RE: [PATCH] x86/hyper-v: use cheaper HVCALL_FLUSH_VIRTUAL_ADDRESS_{LIST,SPACE} hypercalls when possible

From: Michael Kelley (EOSG)
Date: Tue Jun 19 2018 - 13:57:00 EST


> -----Original Message-----
> From: linux-kernel-owner@xxxxxxxxxxxxxxx <linux-kernel-owner@xxxxxxxxxxxxxxx> On Behalf
> Of Vitaly Kuznetsov
> Sent: Friday, June 15, 2018 9:30 AM
> To: x86@xxxxxxxxxx
> Cc: devel@xxxxxxxxxxxxxxxxxxxxxx; linux-kernel@xxxxxxxxxxxxxxx; KY Srinivasan
> <kys@xxxxxxxxxxxxx>; Haiyang Zhang <haiyangz@xxxxxxxxxxxxx>; Stephen Hemminger
> <sthemmin@xxxxxxxxxxxxx>; Thomas Gleixner <tglx@xxxxxxxxxxxxx>; Ingo Molnar
> <mingo@xxxxxxxxxx>; H. Peter Anvin <hpa@xxxxxxxxx>; Tianyu Lan
> <Tianyu.Lan@xxxxxxxxxxxxx>
> Subject: [PATCH] x86/hyper-v: use cheaper HVCALL_FLUSH_VIRTUAL_ADDRESS_{LIST,SPACE}
> hypercalls when possible
>
> While working on Hyper-V style PV TLB flush support in KVM I noticed that
> real Windows guests use TLB flush hypercall in a somewhat smarter way: when
> the flush needs to be performed on a subset of first 64 vCPUs or on all
> present vCPUs Windows avoids more expensive hypercalls which support
> sparse CPU sets and uses their 'cheap' counterparts.

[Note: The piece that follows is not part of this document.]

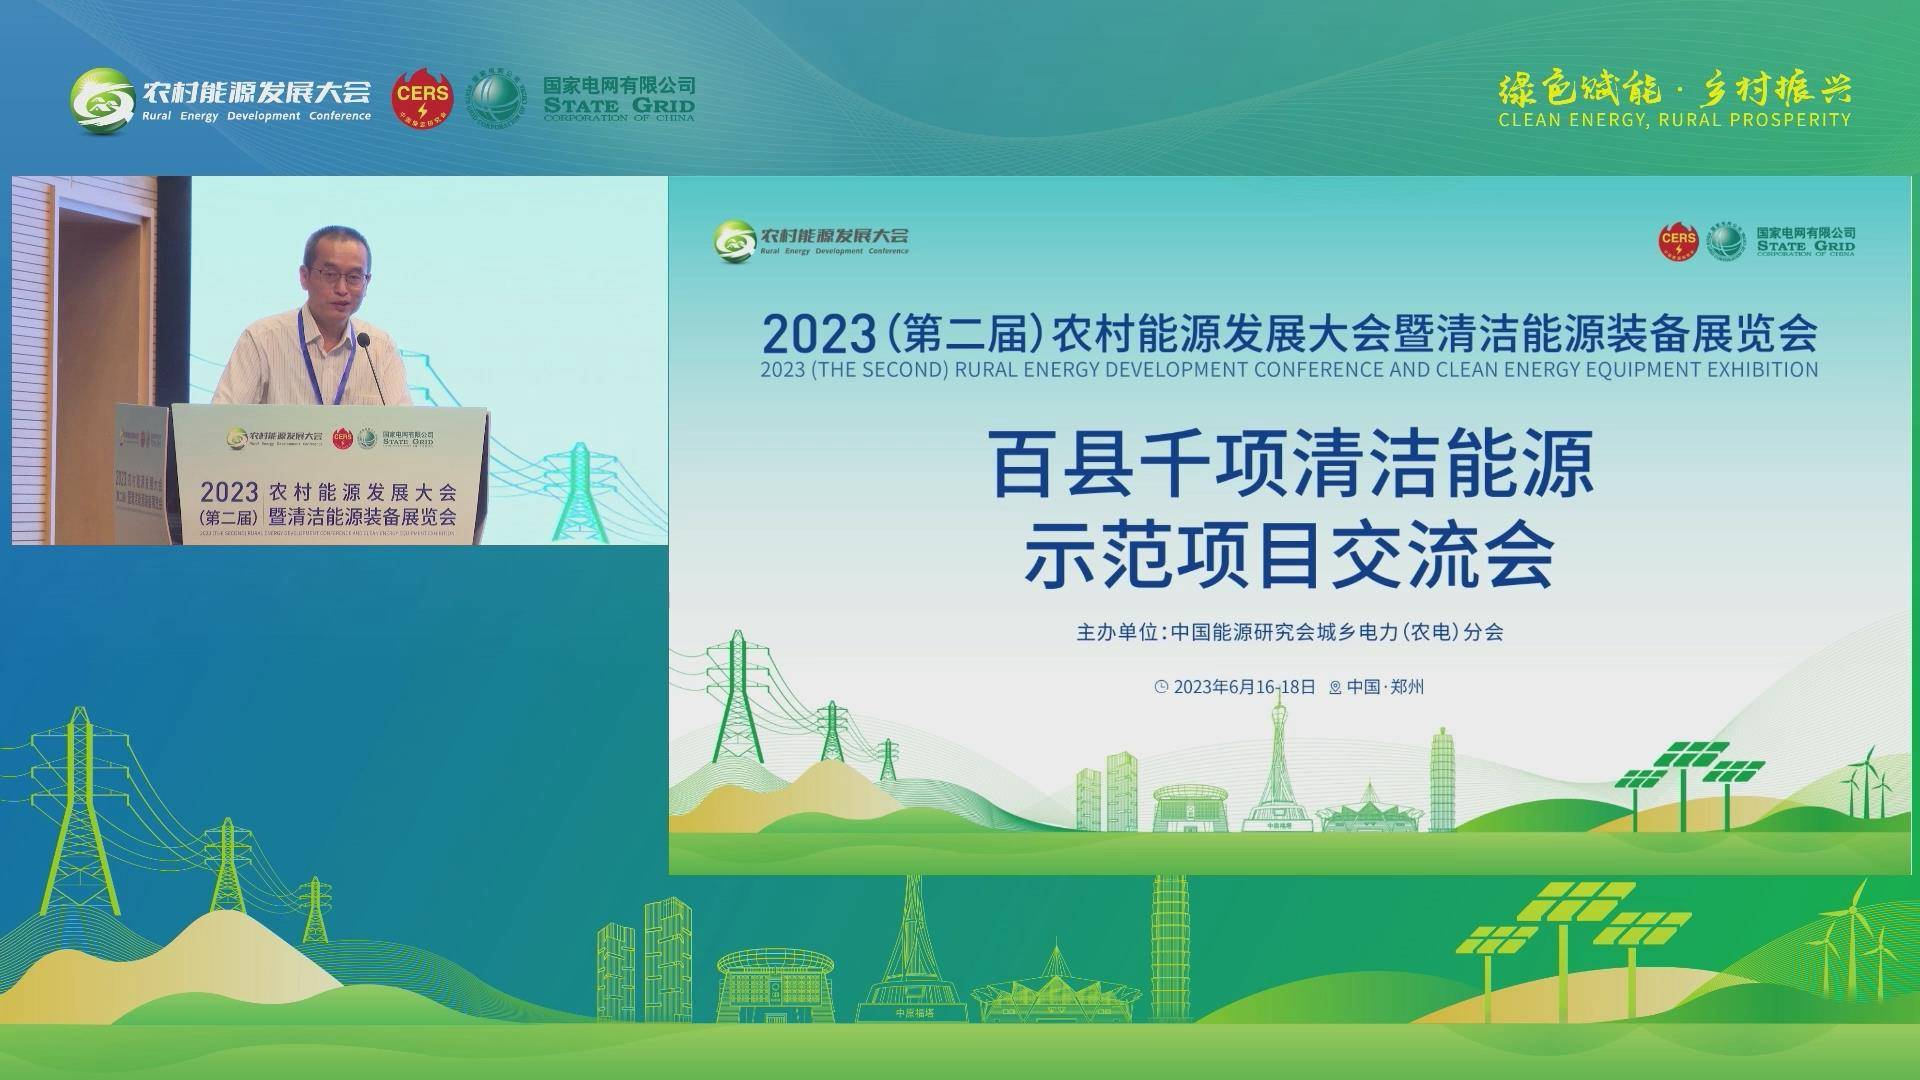 2023（第二届）农村能源发展大会百县千项清洁能源示范项目交流会开场及致辞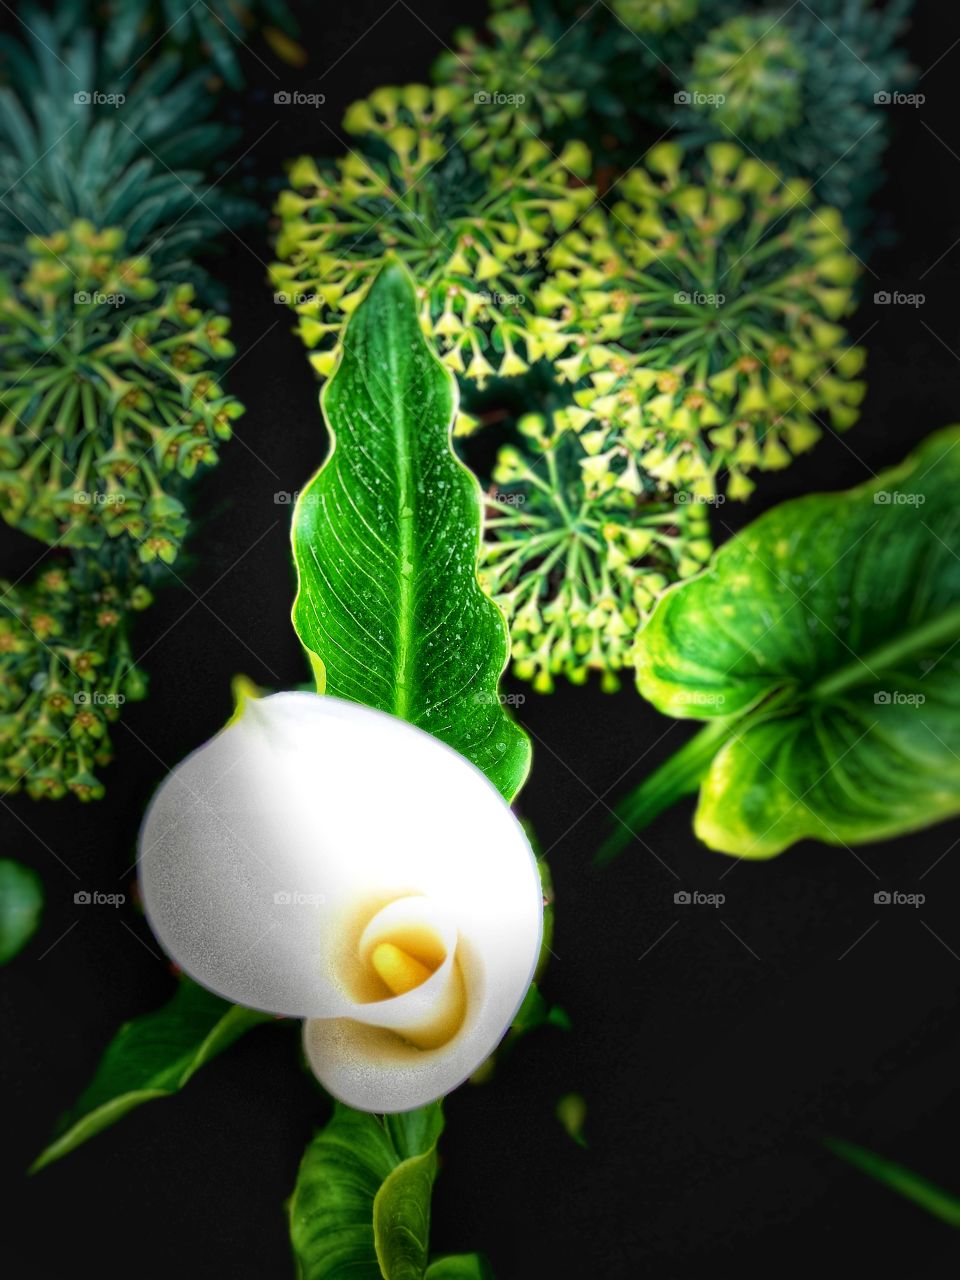 Beautiful Botanicals! Pure White Cala Lily!

This means that
> HV_X64_EX_PROCESSOR_MASKS_RECOMMENDED name is actually a misnomer: EX
> hypercalls (which support sparse CPU sets) are "available", not
> "recommended". This makes sense as they are actually harder to parse.
>
> Nothing stops us from being equally 'smart' in Linux too. Switch to
> doing cheaper hypercalls whenever possible.
>
> Signed-off-by: Vitaly Kuznetsov <vkuznets@xxxxxxxxxx>
> ---

This is a good idea. We should probably do the same with the hypercalls for sending
IPIs -- try the simpler version first and move to the more complex _EX version only
if necessary.

A complication: We've recently found a problem with the code for doing IPI
hypercalls, and the bug affects the TLB flush code as well. As secondary CPUs
are started, there's a window of time where the hv_vp_index entry for a
secondary CPU is uninitialized. We are seeing IPIs happening in that window, and
the IPI hypercall code uses the uninitialized hv_vp_index entry. Same thing could
happen with the TLB flush hypercall code. I didn't actually see any occurrences of
the TLB case in my tracing, but we should fix it anyway in case a TLB flush gets
added at some point in the future.

KY has a patch coming. In the patch, hv_cpu_number_to_vp_number()
and cpumask_to_vpset() can both return U32_MAX if they encounter an
uninitialized hv_vp_index entry, and the code needs to be able to bail out to
the native functions for that particular IPI or TLB flush operation. Once the
initialization of secondary CPUs is complete, the uninitialized situation won't
happen again, and the hypercall path will always be used.

We'll need to coordinate on these patches. Be aware that the IPI flavor of the
bug is currently causing random failures when booting 4.18 RC1 on Hyper-V VMs
with large vCPU counts.

Reviewed-by: Michael Kelley <mikelley@xxxxxxxxxxxxx>